## Exercise brief
Leave every image behind and restate the data word for word.

Recorded information Block Start

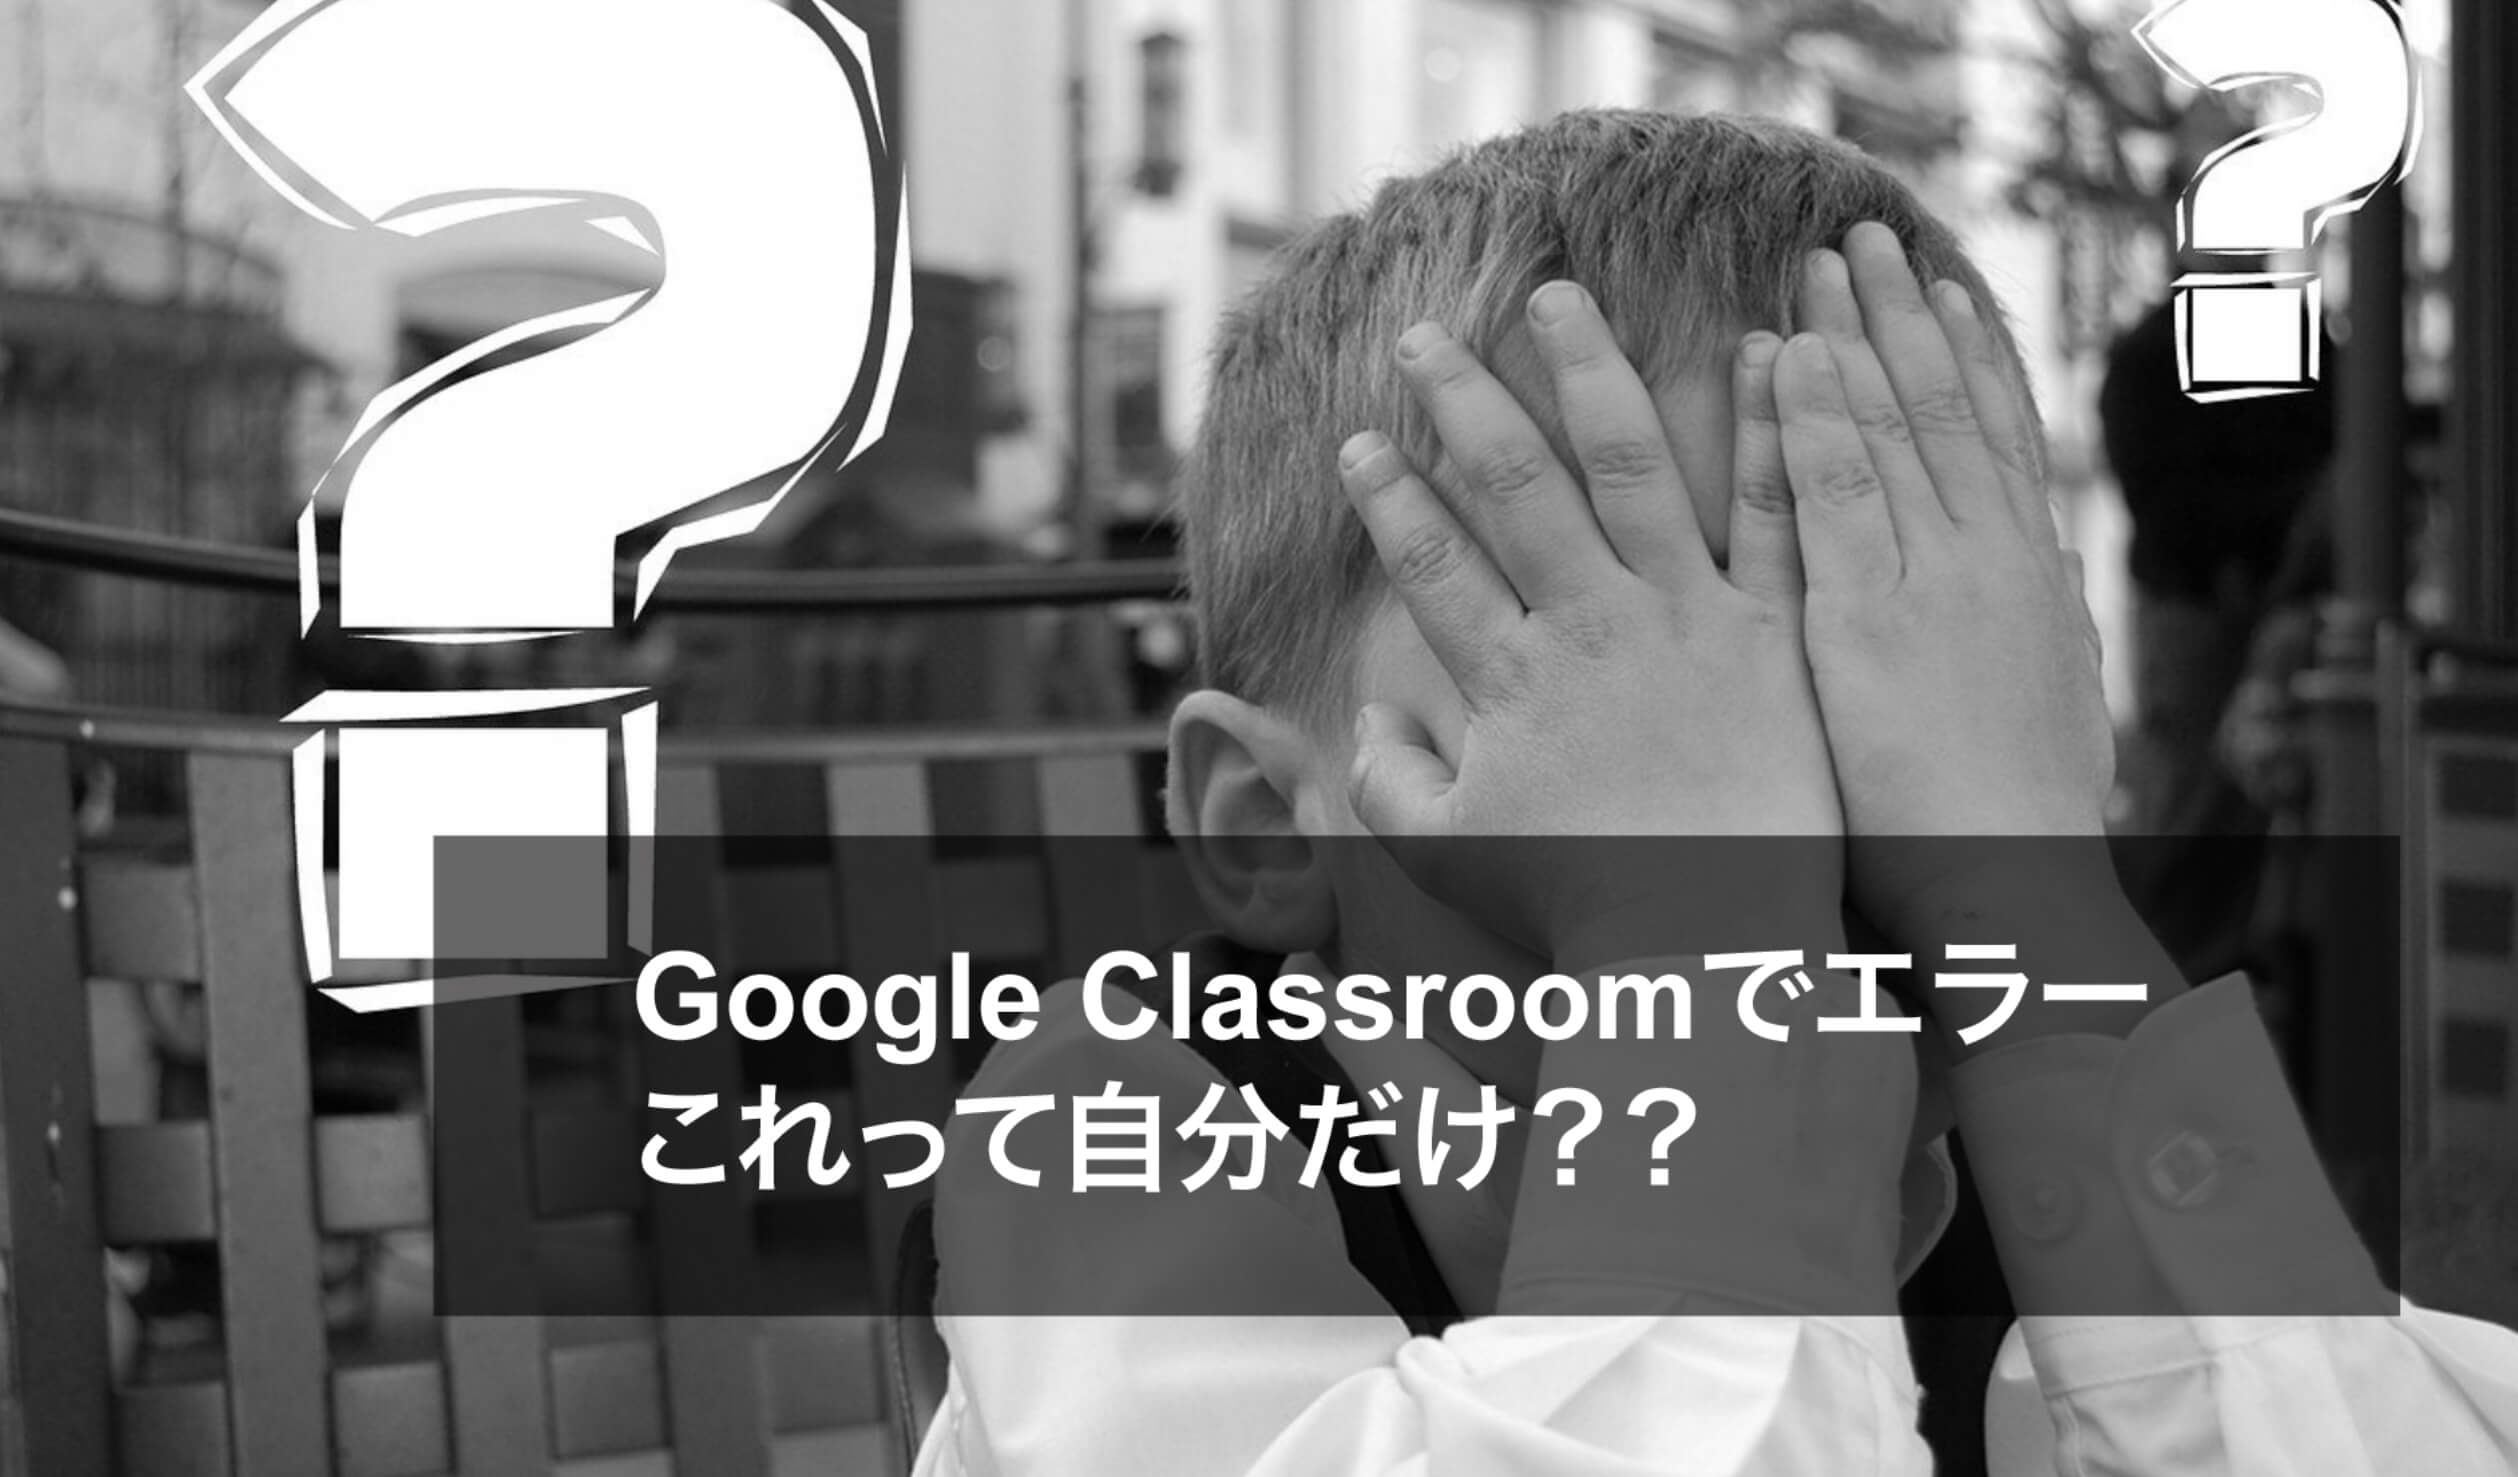 Google classroomでエラー発生
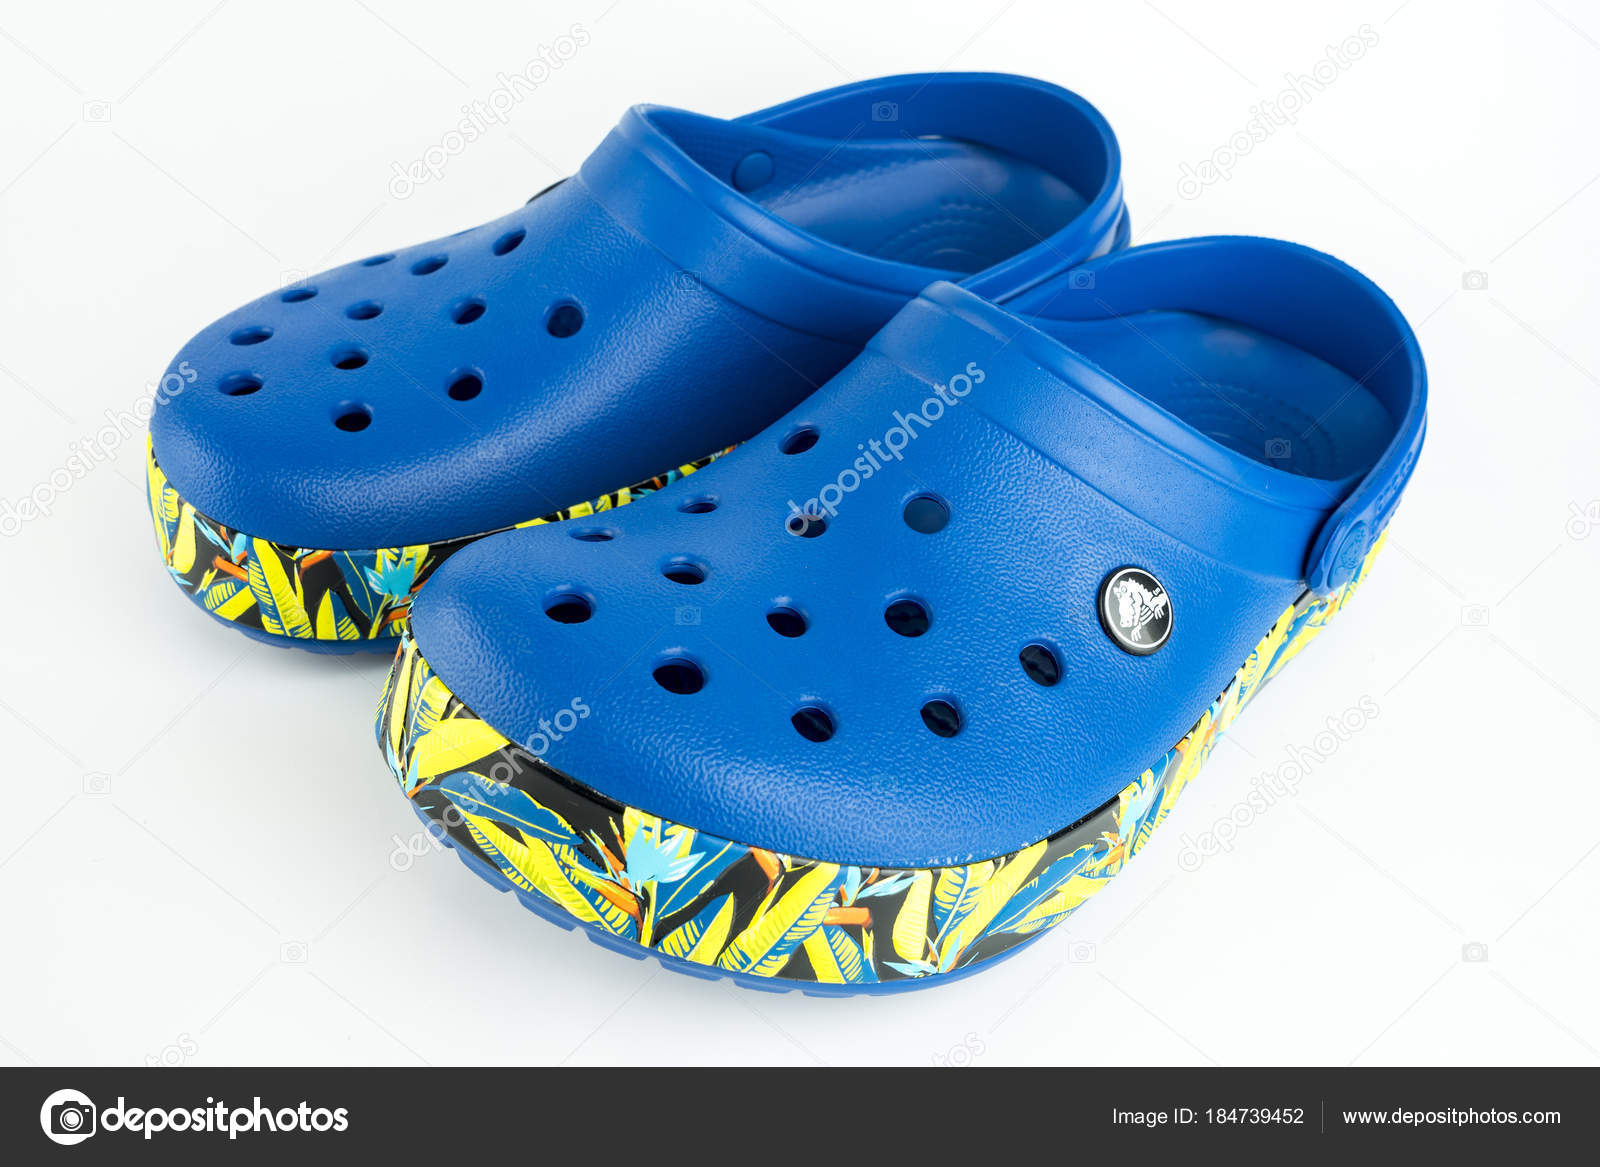 a pair of crocs
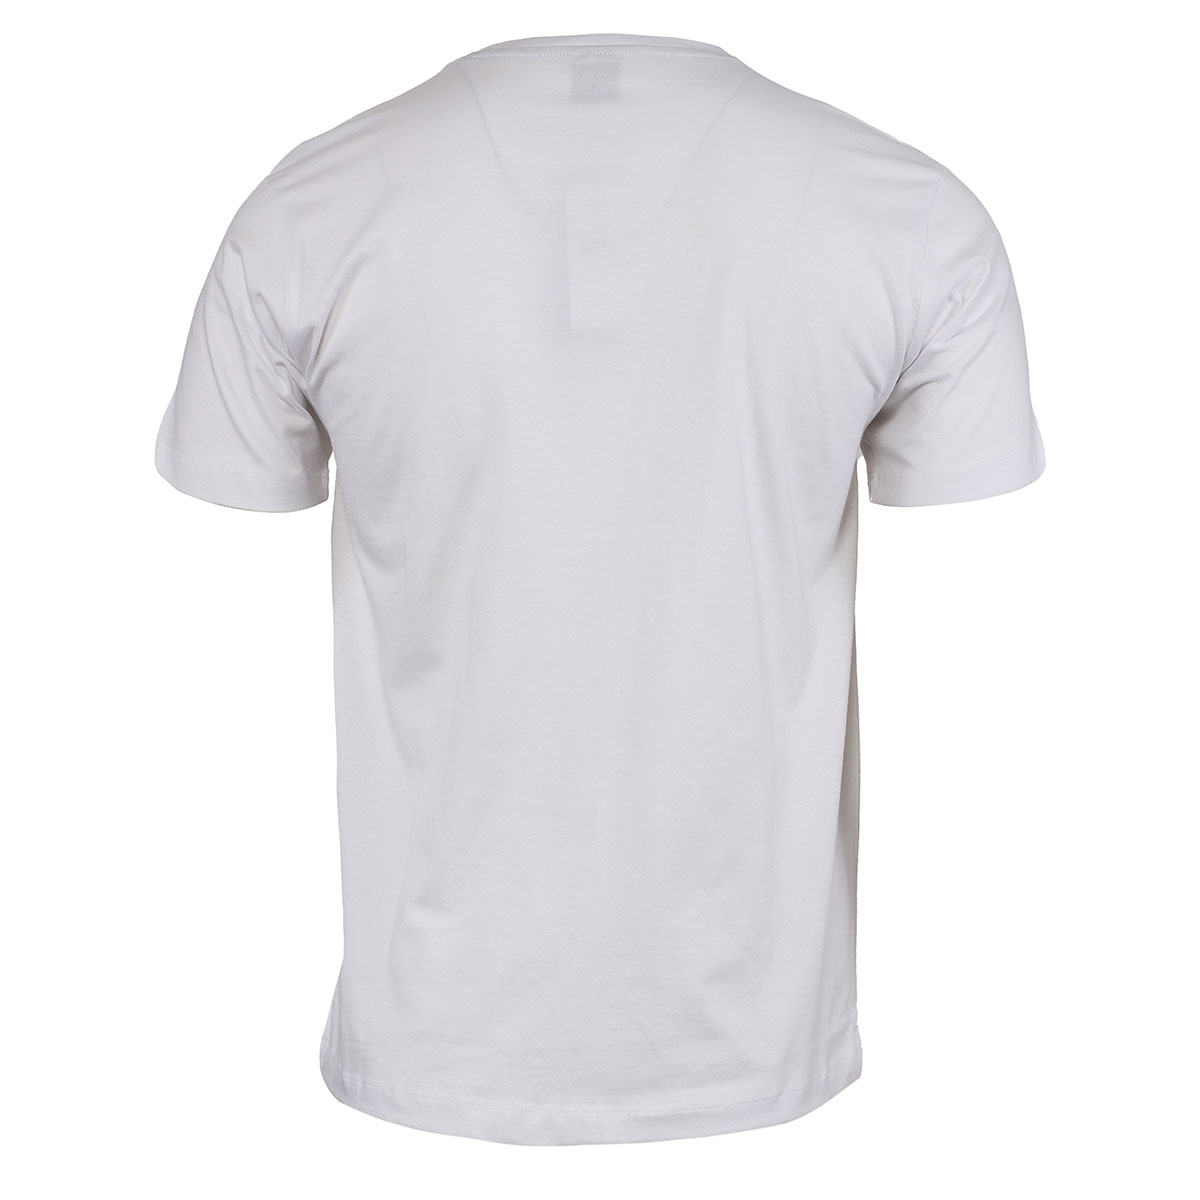 U.S. Polo Assn. Men's V-Neck T-Shirt - image 3 of 3

Recorded information Block End

## Result of this exercise
 Google classroomでエラー発生
 a pair of crocs
 U.S. Polo Assn. Men's V-Neck T-Shirt - image 3 of 3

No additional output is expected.